I'm not asking for a miracle, I'm just asking her not to pressure me to interact with a very sick individual who has damaged our lives, and hurt people in ways that can't be undone. I'm asking that she not minimize the very real things that happened to me. As long as that's respected- I'm okay.

I have been pushed to this point. I'm not really one for ultimatums... But I've just had it. I know that I can't have a relationship with her while sober, if she can't respect me on this. It's just too messed up and I can't handle it in the light of day. You know? It's traumatizing. Whether she means it that way or not, it just is.

I can't imagine asking my child to have contact with their abuser. I understand why she's like this. I know she got messed up. I have compassion for her. I would take all of that away for her, if I could. I hate what she went through. I hate that the cycle continued into my life. But, it did. There is no going backward. Only onward. Her asking this of me, is a slap in the face. She needs to know that.

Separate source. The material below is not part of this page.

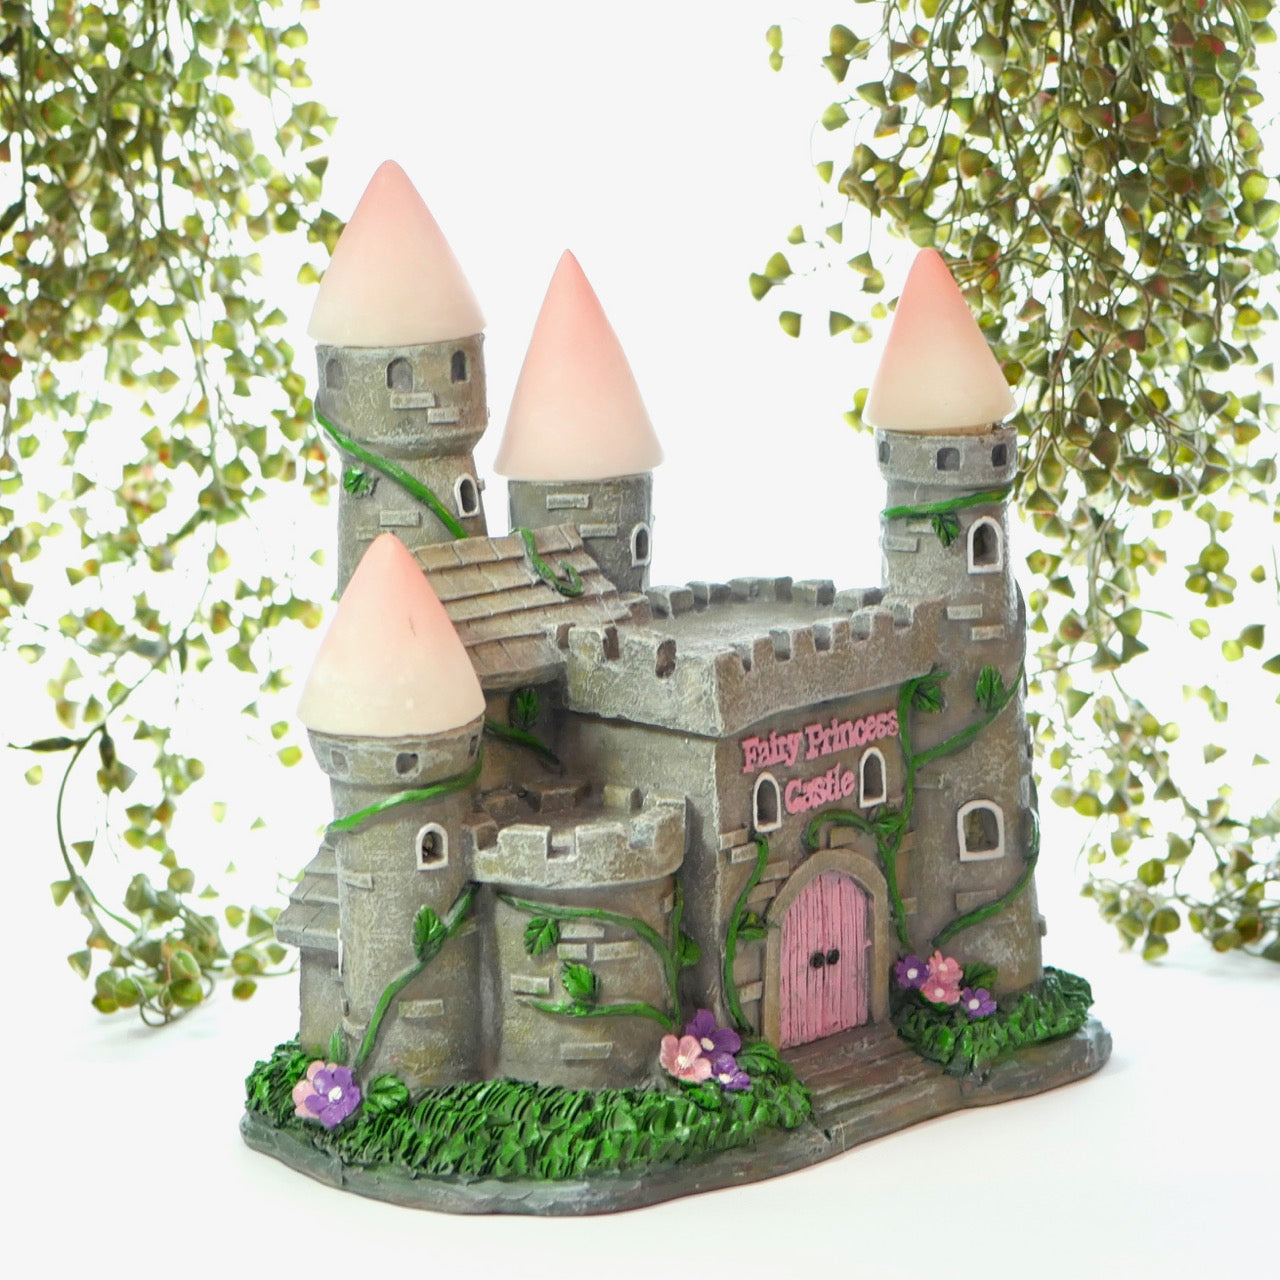 Fairy Garden Princess Castle with Solar Powered Lights from Steph the Fairy Maker in Australia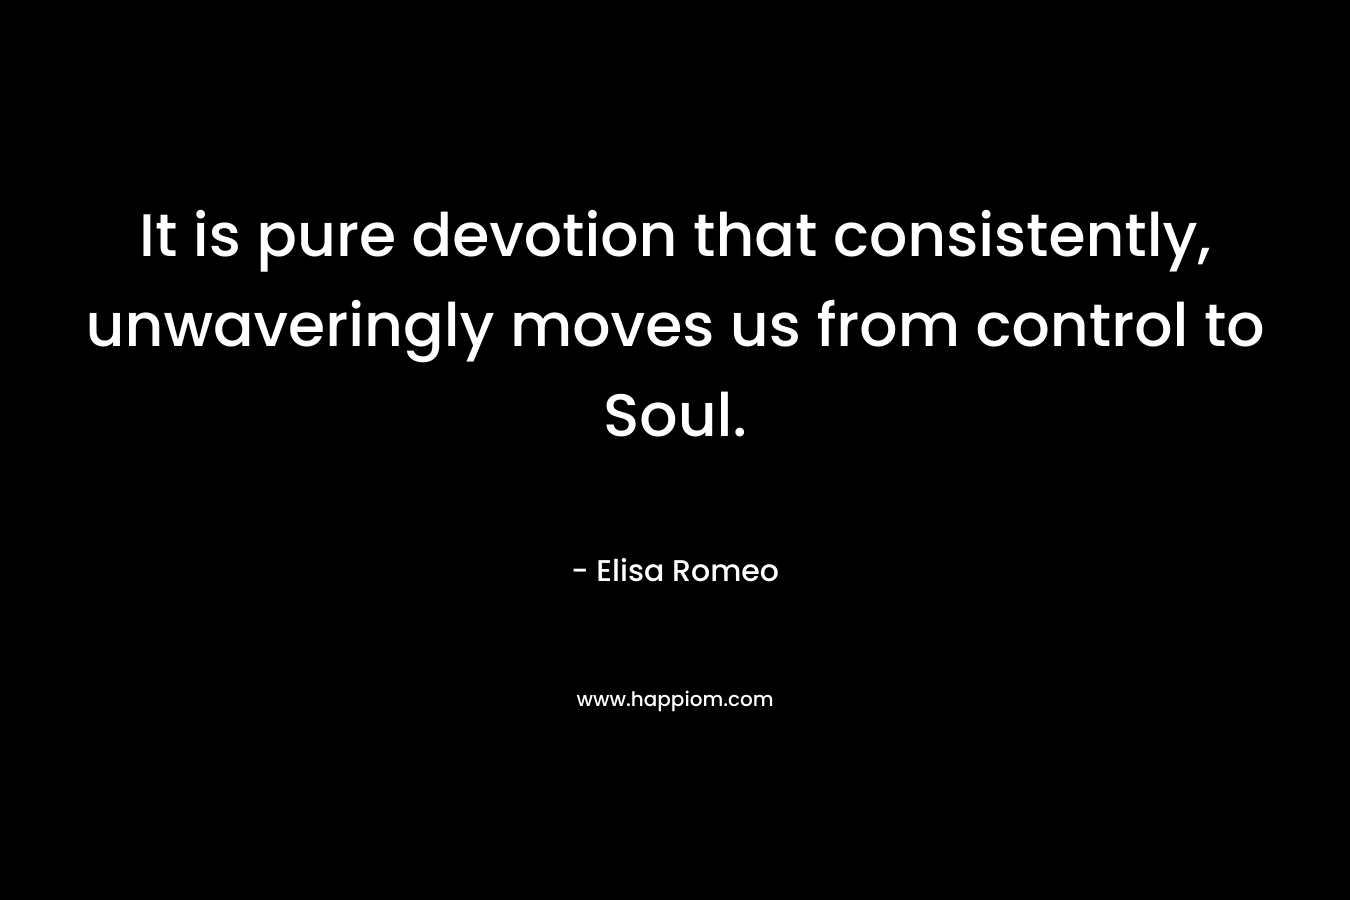 It is pure devotion that consistently, unwaveringly moves us from control to Soul.

As much compassion as I do have and as much as I understand that she's sick- we all face consequences in life. Yep- I survived abuse, and I'm an alcoholic. All true. But none of that is an excuse. Bad behavior is bad behavior.

All of our past experiences make us who we are. It explains a lot of our hang ups and issues. But as adults, our baggage is ours to carry and to sort out. It's rent to own. I know that's a hard line, but accountability is a b****.

IMO there are things that are beyond forgiveness. Hurting kids is pretty high on my list. My compassion is not a bottomless pool. I'm only human! It's bad enough that all this happened- and I really believe that it's no small deal that I've tried to move forward with my mom- but for her to keep coming at me with this crap... It's just wrong. I need to move on.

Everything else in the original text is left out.